Troops shot dead a top-ranking militant in restive Indian Kashmir and security forces battled Islamic rebels ahead of next week’s Republic Day national holiday, police said yesterday.
Rebel violence routinely increases in the revolt-hit Muslim-majority state ahead of the annual public holiday.
Police said Tariq Lone, a leading militant belonging to the pro-Pakistan Hizbul Mujahedin, was killed late on Friday in a gunbattle with Indian troops in southern Kishtwar District.
PHOTO: EPA
“Lone, alias Azhar, was a wanted militant,” a police spokesman said, adding that security forces were engaged in two other gunbattles yesterday against militants in south Kashmir.
The fresh fighting came amid calls by separatists opposed to Indian rule to observe the holiday as a “black day.”
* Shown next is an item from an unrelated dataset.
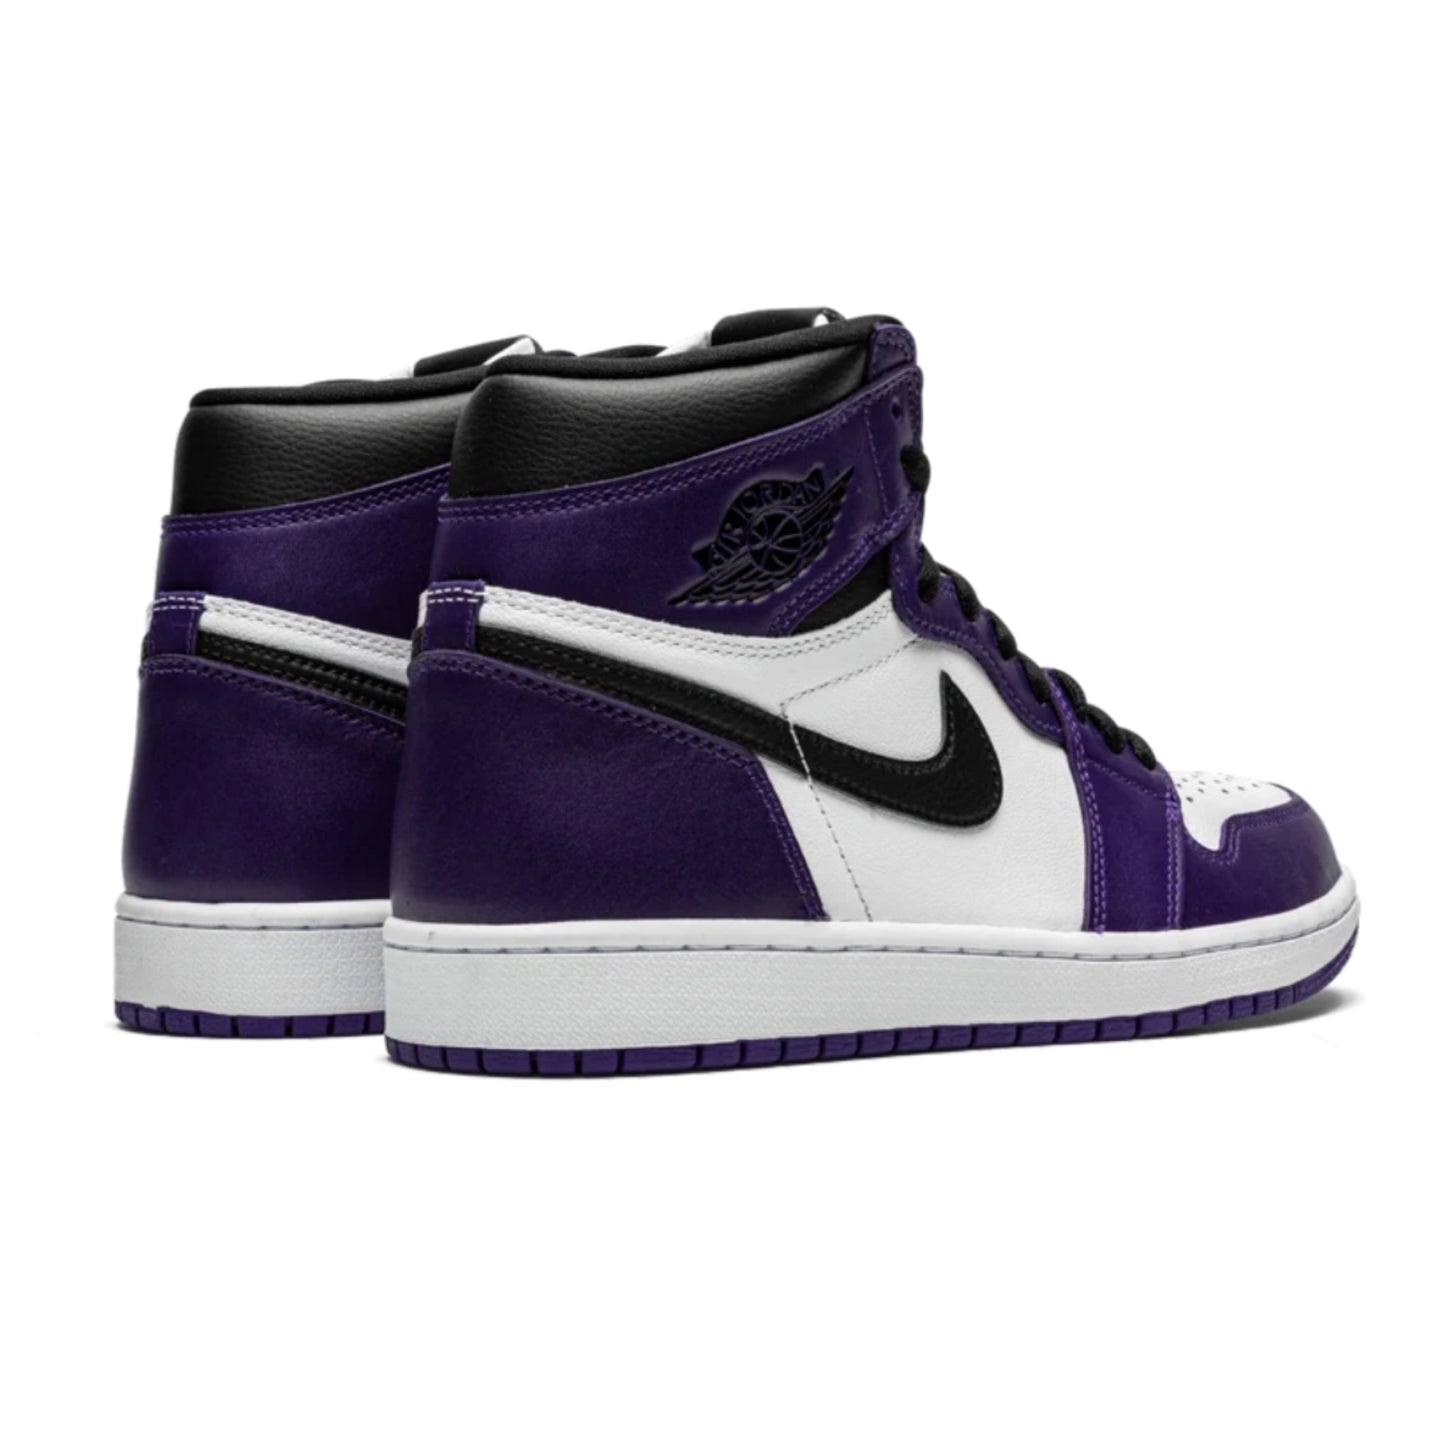 Air Jordan 1 High Retro Court Purple White

Republic Day marks the date in 1950 when India’s new republican Constitution came into effect. India gained independence from Britain in 1947, but went through a transitional phase.
Kashmiris have spurned the celebrations since the separatist insurgency began two decades ago in the divided Himalayan region.
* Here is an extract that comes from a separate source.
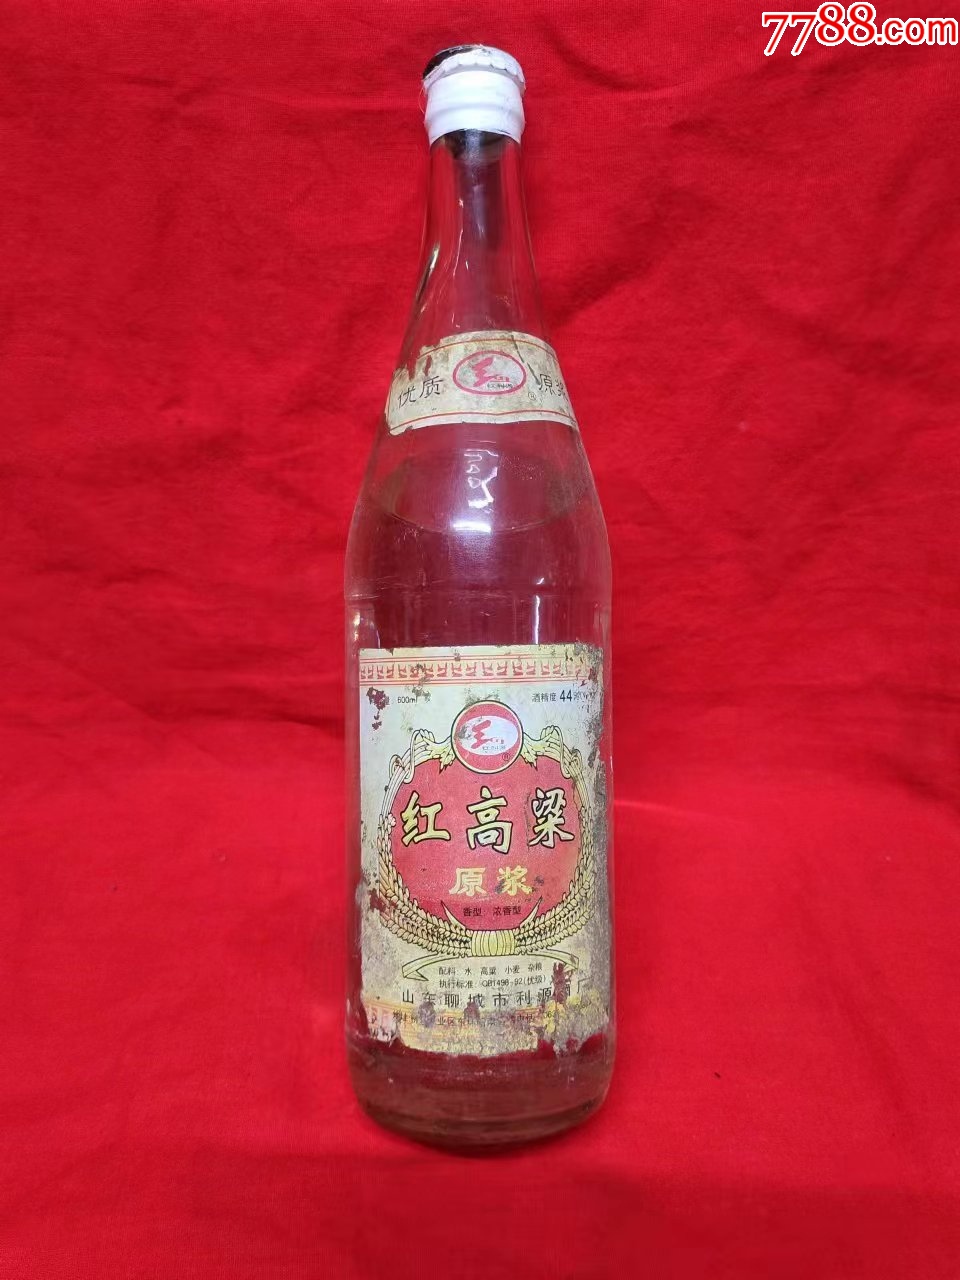 红高粱酒2004年图片

Kashmir had been relatively stable in recent months.
But there has been a spike in violence over the past two weeks, including a militant siege of a hotel in the Kashmir summer capital of Srinagar that resulted in the death of two militants, a policeman and a civilian bystander.
Inspector General of Police Farooq Ahmed said in Srinagar that security forces were ready to deal with any militant threats.
“Police have intensified frisking and stepped up their vigilance to keep militants at bay,” Ahmed said.
Ahmed said there were reports that militants could stage attacks on Republic Day itself.
“Police are more concerned given the recent spate of militant attacks,” he said.
The insurgency, which erupted in 1989 against Indian rule, has claimed more than 47,000 lives, according to a government count.